Recent findings from British researchers indicate that people affected by sex addiction undergo certain harmful changes in brain function that also appear in people affected by substance addiction.
Substance addiction produces its core damaging effects by triggering lasting change in a multi-structure brain area commonly referred to as the pleasure center. In a study presented at the 2nd International Conference on Behavioral Addictions, researchers from the United Kingdom’s University of Cambridge sought to determine if people with the non-substance-based condition known as sex addiction experience similar changes in brain function. These researchers concluded that pleasure center alterations in the brains of people with sex addiction largely mirror the alterations found in the pleasure centers of people dealing with substance addiction.
Substance Addiction and the Pleasure Center
The pleasure center gets its name because it produces pleasurable or rewarding sensations in response to certain activities. For evolutionary reasons, most of the things that humans throughout time have found pleasurable are things that enhance the odds of individual and group survival, including having sex and eating tasty food. However, the pleasure center can also activate when humans do things that don’t increase the odds of survival. Prime examples here are drug consumption and the excessive use of alcohol. The amount of pleasure derived from substance intake can greatly outweigh the amount of pleasure derived from life-sustaining activities. Among other things, this means that in any given group of substance users, a predictable number will initiate a pattern of repeated, excessive intake as part of an attempt to gain frequent access to pleasurable or rewarding feelings.
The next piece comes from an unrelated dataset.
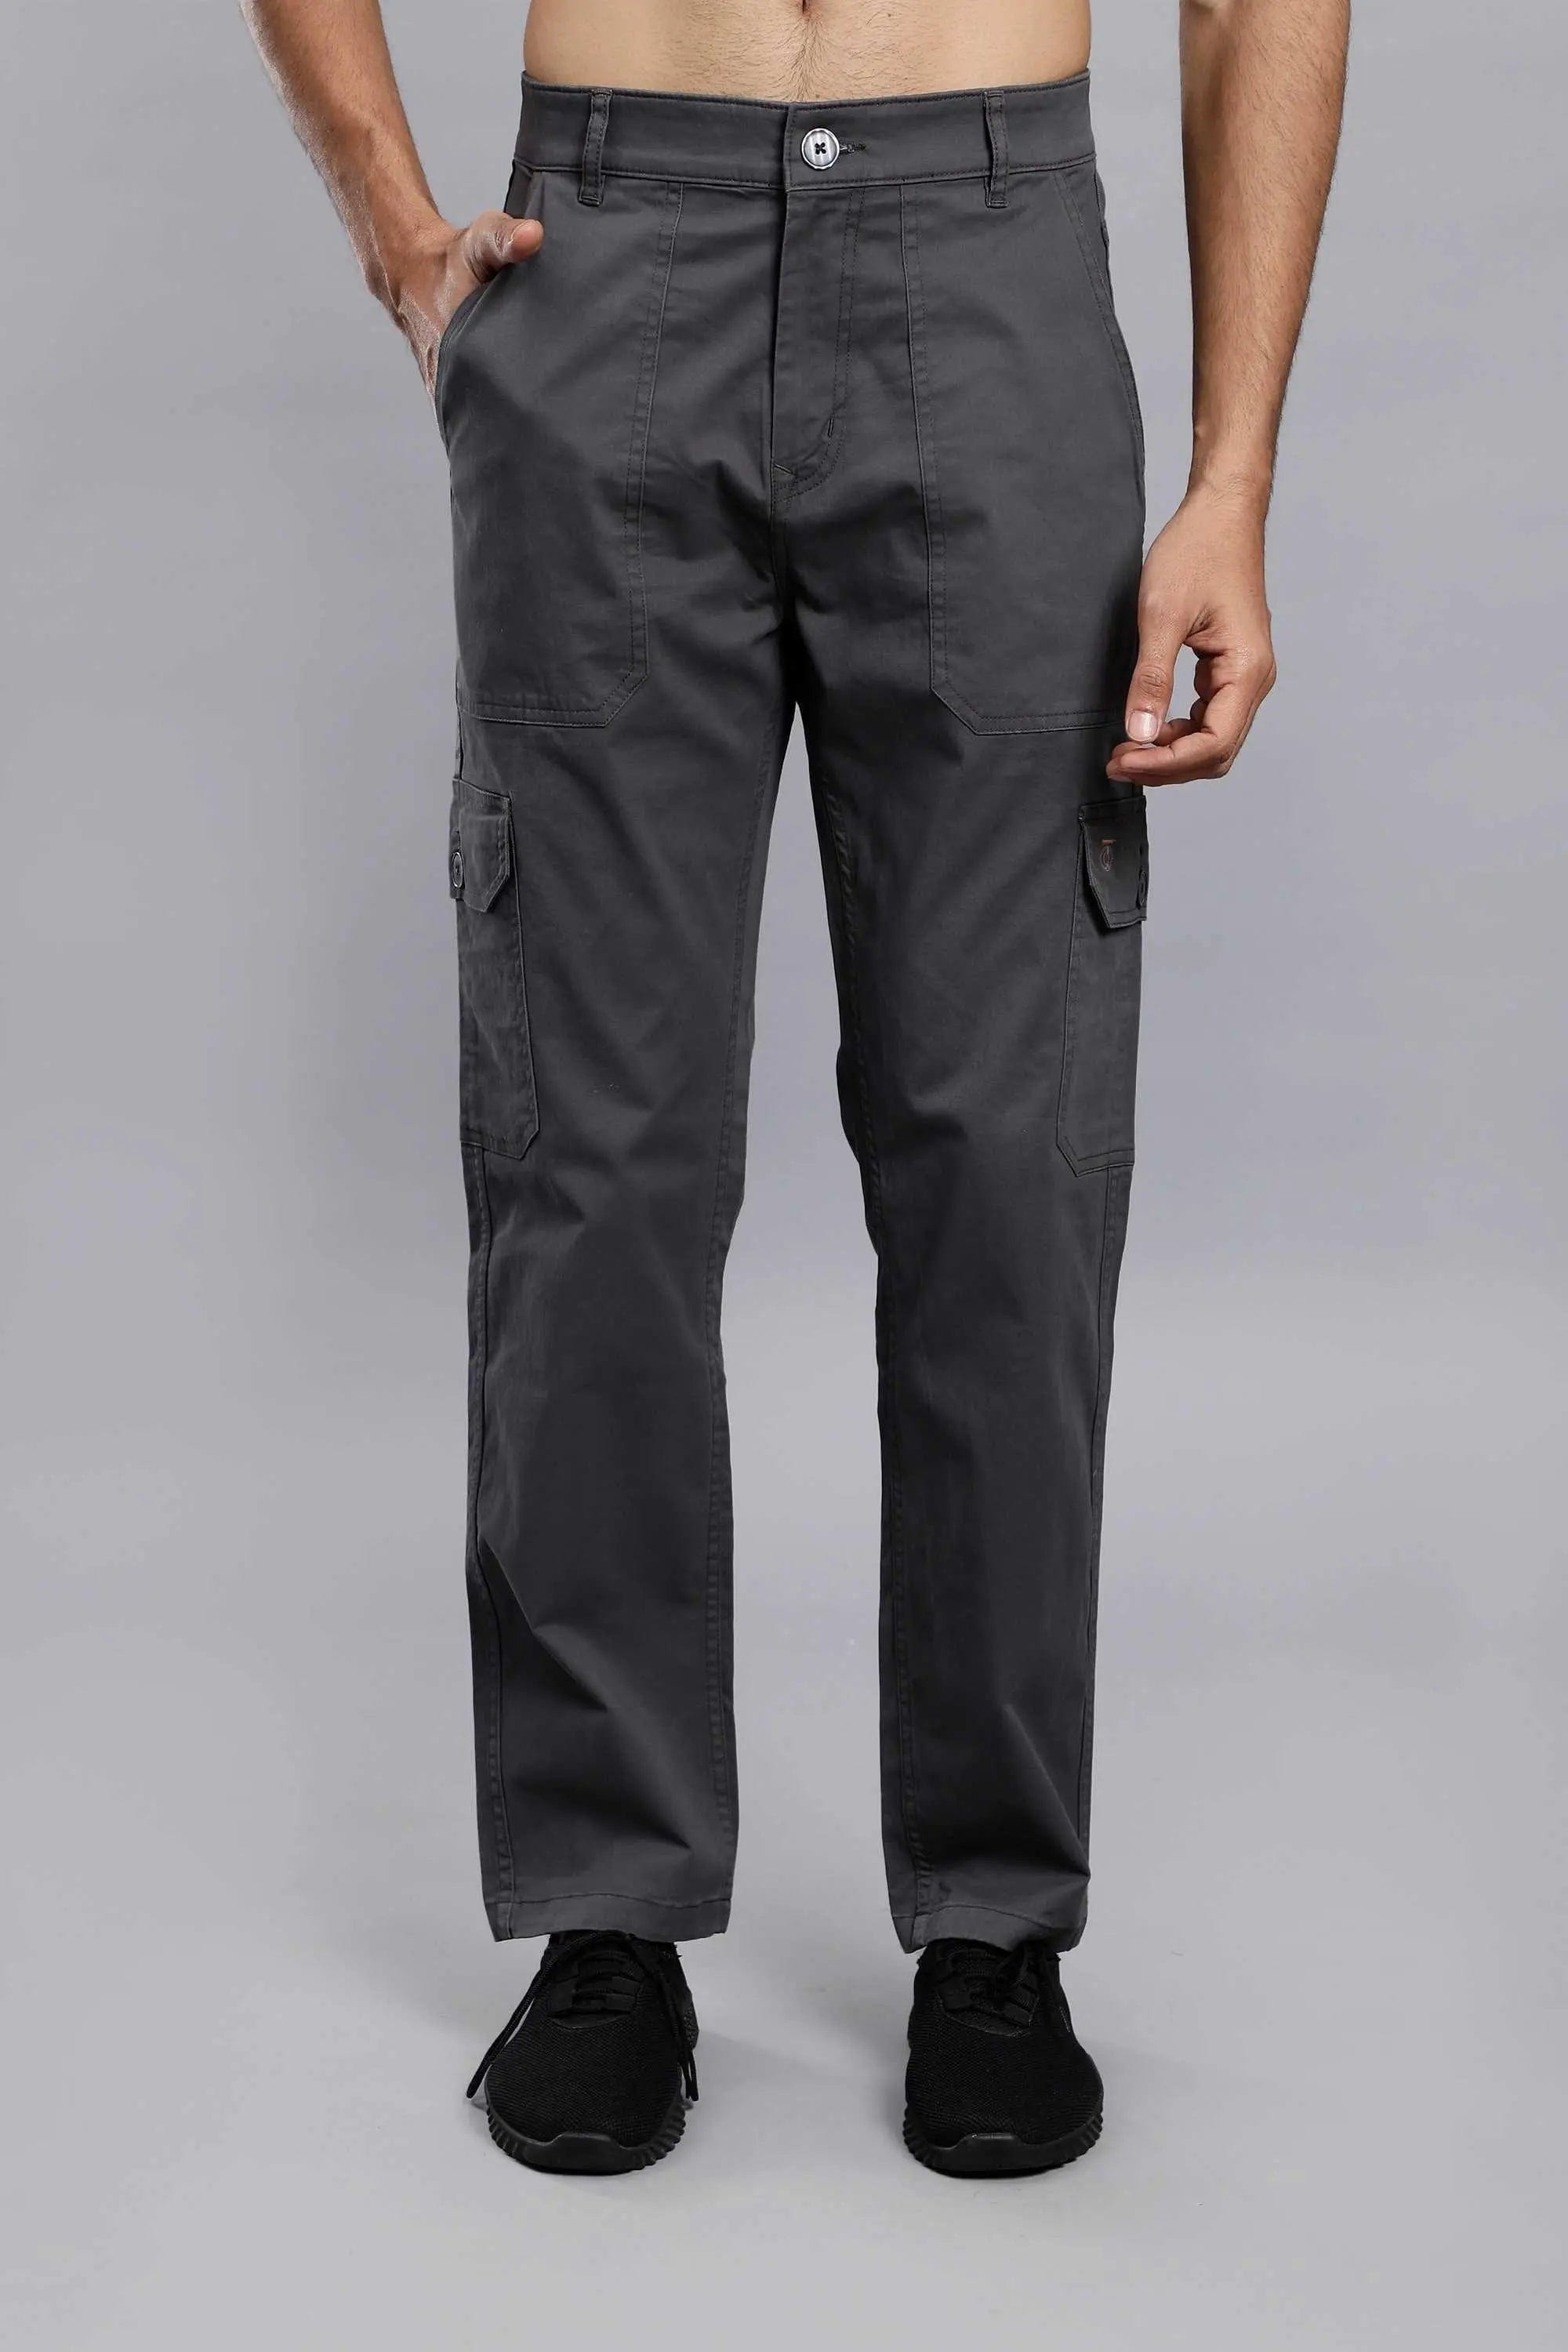 686 Men's Everywhere Pant - Wide Fit – 686.com
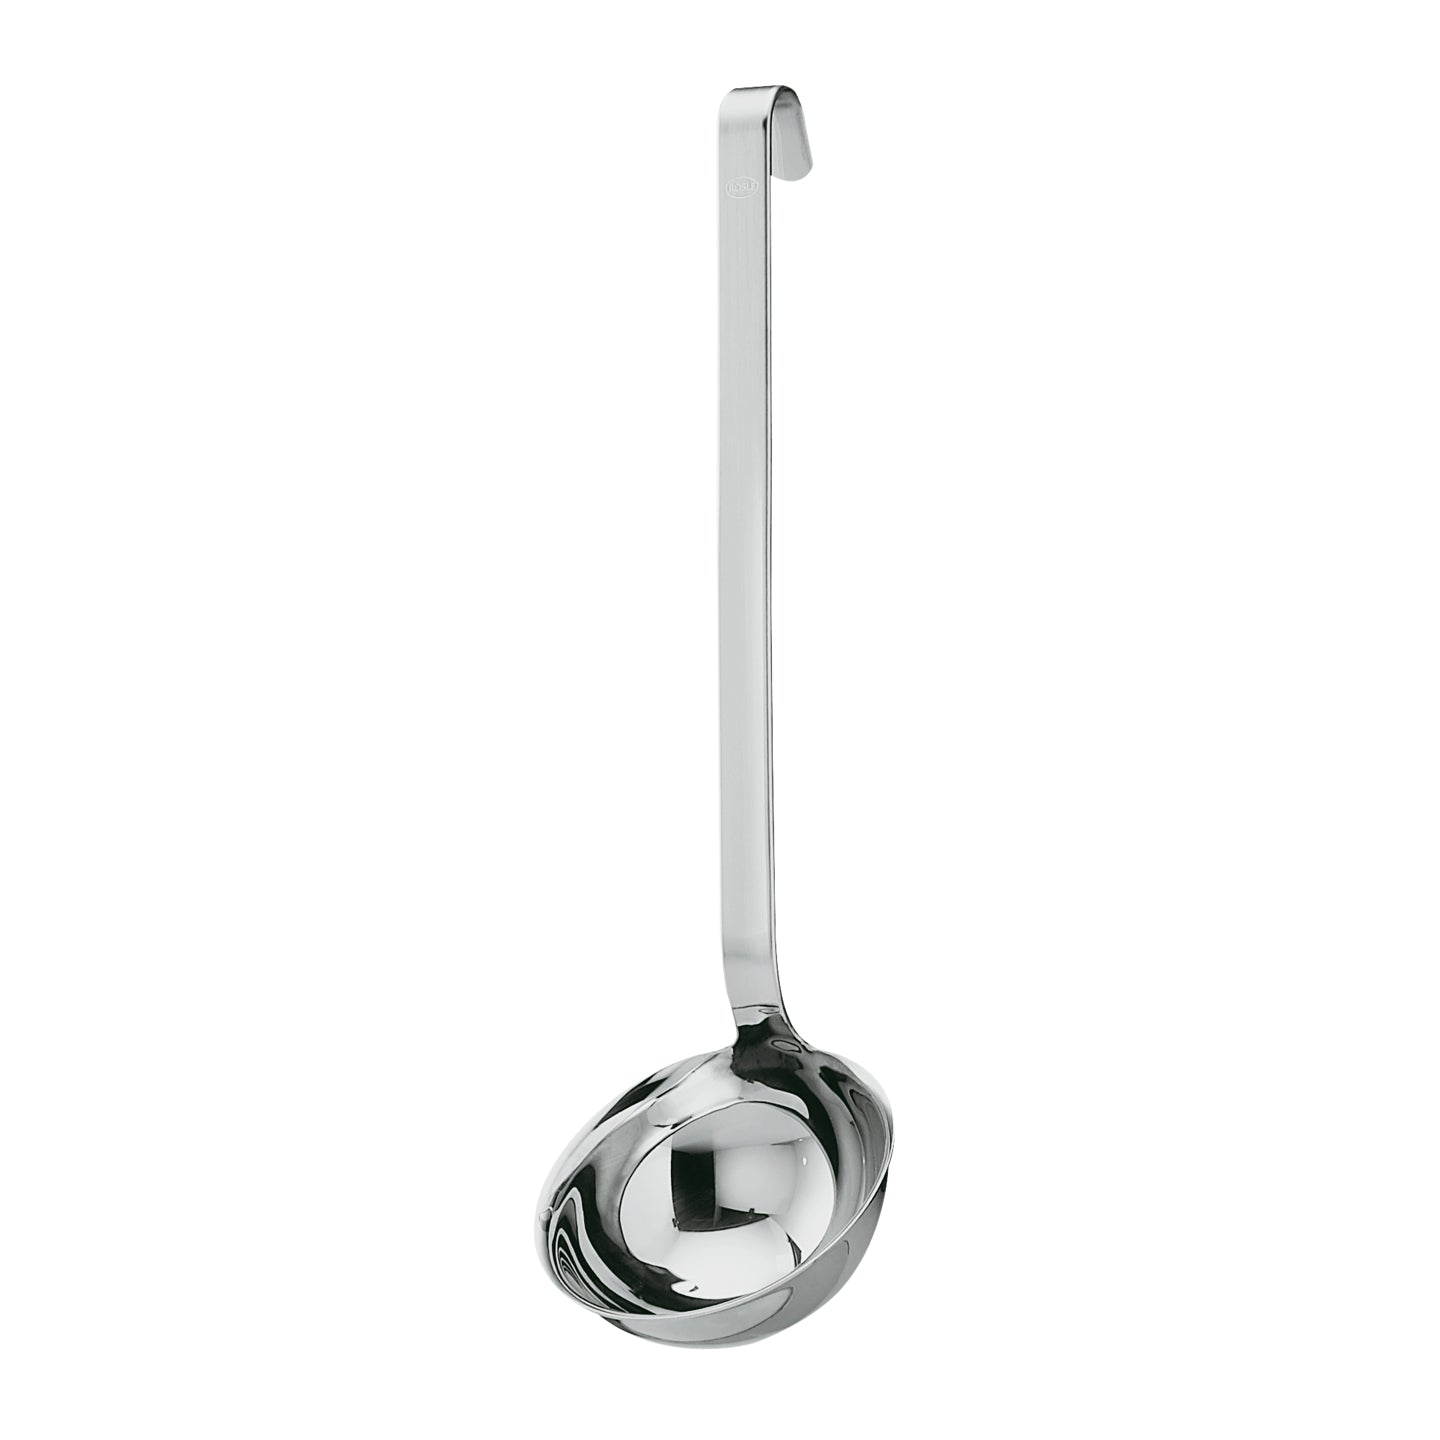 Rosle Hook Ladle with Pouring Rim

Unfortunately, the pleasure center’s chemical makeup starts to change when it’s repeatedly exposed to drugs or alcohol. Eventually, this change can result in a physical dependence on further substance intake. For most substances (including alcohol and mind-altering illicit/illegal drugs), physical dependence is essentially synonymous with addiction and comes with a set of serious problems that can include loss of control over substance intake, exposure to significant substance-related harm, increasing tolerance to the effects of substance intake and a reduced ability to fulfill one’s responsibilities or obligations.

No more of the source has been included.